Hello there!! I am having an issue that I really don’t know how to solve and I have been trying for weeks. I have a binary classification task with two labels “Label 1” and “Label 2”. Model training conditions described in the following topics.
- I am using pre-trained resnet (already tried several ones, resnet18, resnet34, resnet50, resnet101). Also already tried densenet121 and the results are more a less the same.
- Image size: to 224x224
- My dataset is composed of 715 train images and 174 validation images. With data augmentation (random crop, random flip and colour jitter) the dataset size increases to 1430 training images. I already double and triple checked and I don’t have wrong labels or mix data between train and validation sets.
- Tried also two different loss functions: CrossEntropyLoss and SigmoidFocalLoss.
- The learning rate was varied from 0.01 to 0.0001.
- The optimizer I am using is Adam, but I also already tested SGD.
- The batch size used was 5, 16 or 32.
- Also, I tried to add some regularization, including the dropout and weight decay.
However, the weird behaviour still happens, which is this one I show in the image.
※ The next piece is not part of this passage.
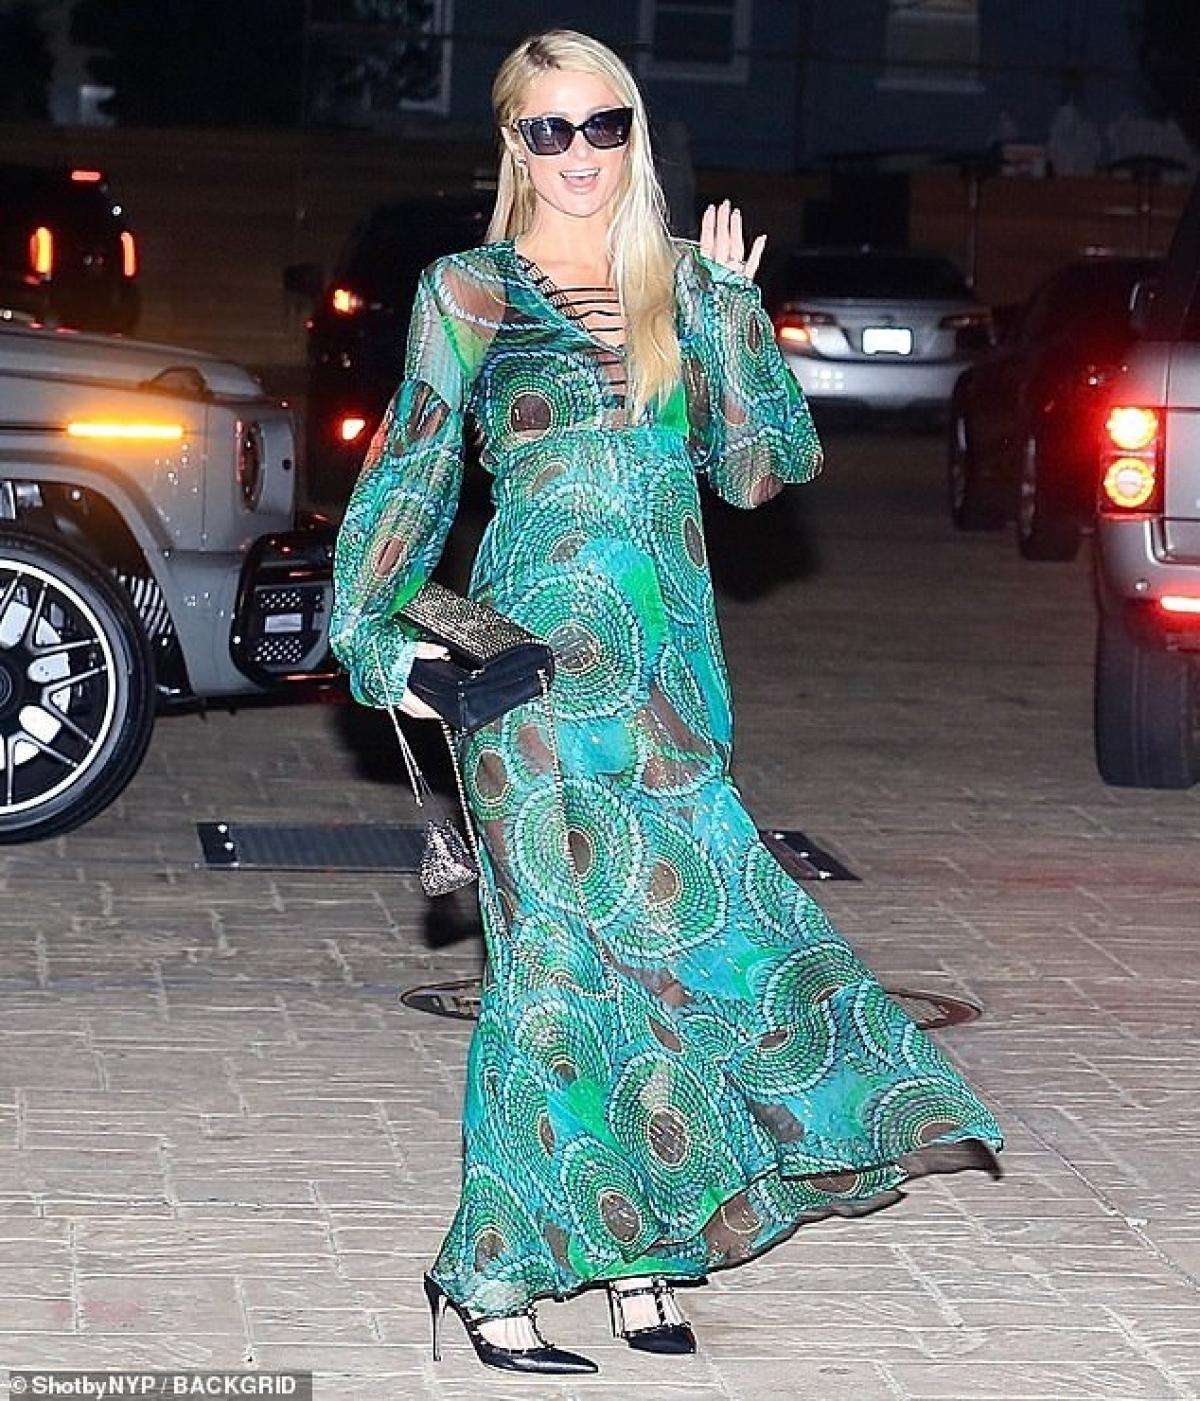 Em gái Paris Hilton thưởng thức cafe nóng hổi khi đi dạo phố Ảnh 6

I have a very unstable validation loss that usually doesn’t show a tendency of decreasing, it just decreases randomly on some of the epochs, it seems almost like the model is not learning. These types of curves are not really what is expected. I am not even sure if we can call this overfitting. However, the accuracy is not that bad, on a set of 100 images, usually, it has an accuracy of more a less 85% or more, but at the same time the images that are failing are not corner cases and it was not expected that they would fail.
Does anyone have any ideas about what I could do to improve the model or does anyone even knows the reason why this could be happening?
Thank you in advance.